Would i use this formula?

$a_t = \frac {r'(t) \cdot r''(t)}{ ||r'(t)||}$

and

$a_n = \frac {r'(t) \times r''(t)}{ ||r'(t)||}$

so i find the first prime:

$r'(t) = i + \sqrt {6tj} + 3t^2k$

second prime

$r'(t) = \sqrt {6j} + 6tk$

magnitude

$||r'(t)|| = \sqrt { 1^2 + (\sqrt{6t})^2 +(3t^2)^2 }$

$||r'(t)|| = \sqrt { 1 + {6t^2} + 9t^4 }$

I am not sure how to further reduce the magnitude..

Am i correct so far? and would i multiple $r' \times r''$ now?

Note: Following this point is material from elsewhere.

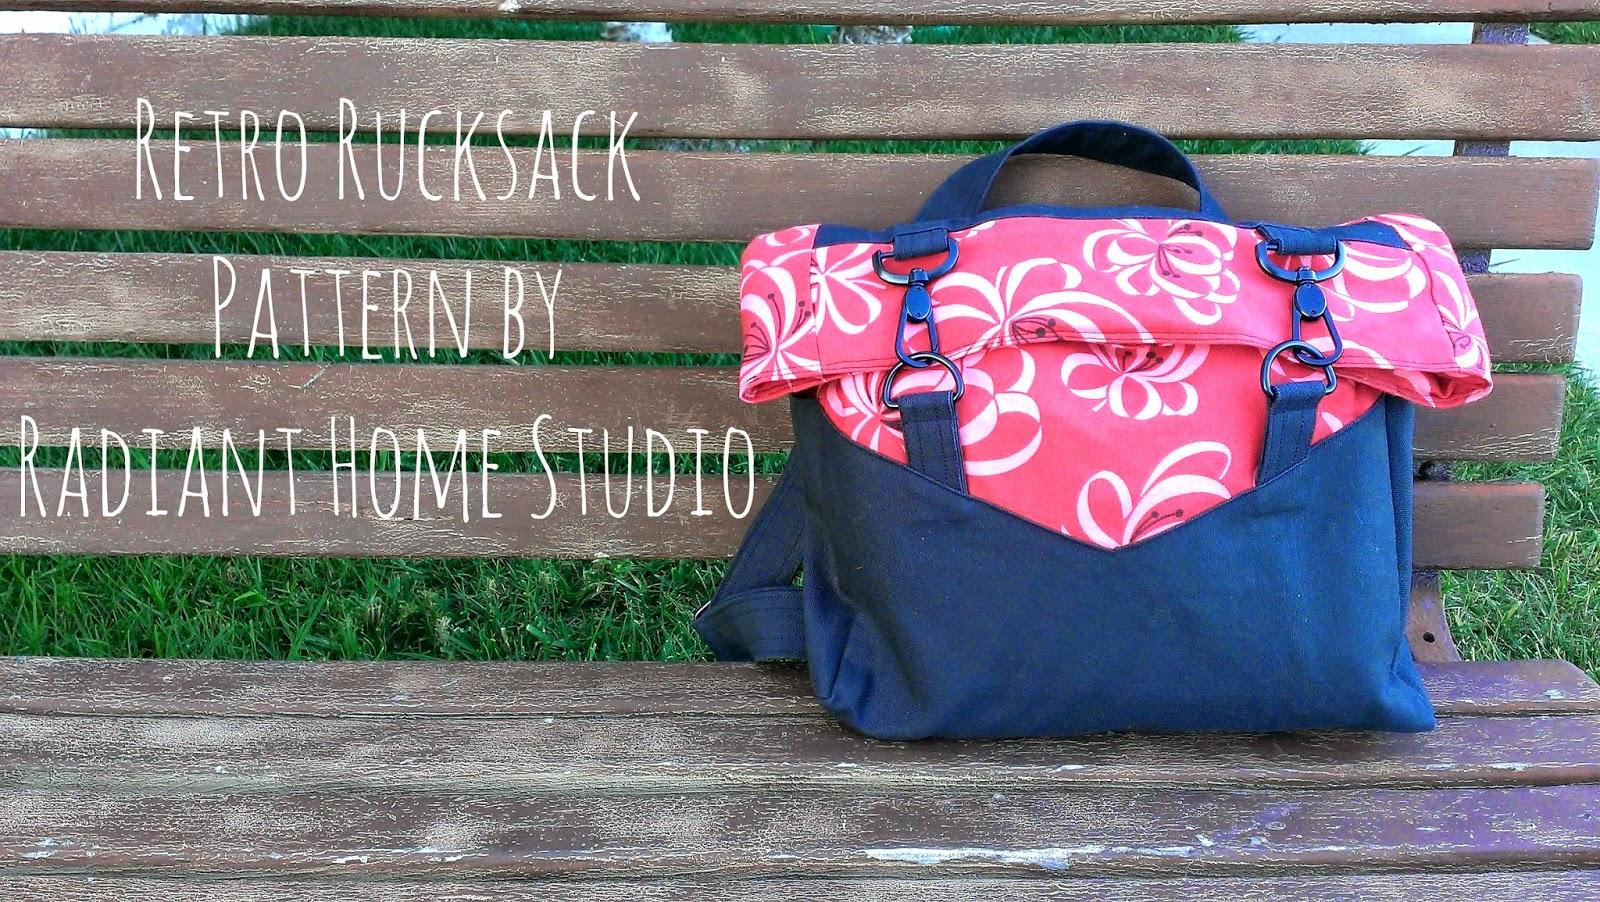 Retro Rucksack

Can you help me find $a_t$ and i will worry about $a_n$
• June 16th 2012, 12:56 PM
Reckoner
Re: find the tangential component of acceleration for the curve
Quote:

Originally Posted by icelated
$a_n = \frac {r'(t) \times r''(t)}{ ||r'(t)||}$

No, the numerator should be the magnitude of the cross product.

Your work looks okay so far, except that your sloppy LaTeX makes it a little hard to read (e.g., you've got vectors under radicals). Keep going.
• June 16th 2012, 01:31 PM
icelated
Re: find the tangential component of acceleration for the curve
Going further

$r' \cdot r'' = ( ti + \frac{ \sqrt{6}} {2}} t^2j +t^3) \cdot ( \sqrt{6} j + 6tk})$

= $\frac{ \sqrt{36} }{2} t^2 j + 6t^4$

then,

$a_t = \frac {r'(t) \cdot r''(t)}{ ||r'(t)||} = \frac{ \frac{ \sqrt{36} }{2} t^2 j + 6t^4 }{\sqrt{1 + 6t^2 + 9t^4}} }$

Is this correct? and can i reduce this?
• June 17th 2012, 10:26 AM
Reckoner
Re: find the tangential component of acceleration for the curve
Quote:

Originally Posted by icelated
$r' \cdot r'' = ( ti + \frac{ \sqrt{6}} {2}} t^2j +t^3) \cdot ( \sqrt{6} j + 6tk})$?

It looks like you did $\mathbf r\cdot\mathbf r'',$ but what we want is $\mathbf r'\cdot\mathbf r''.$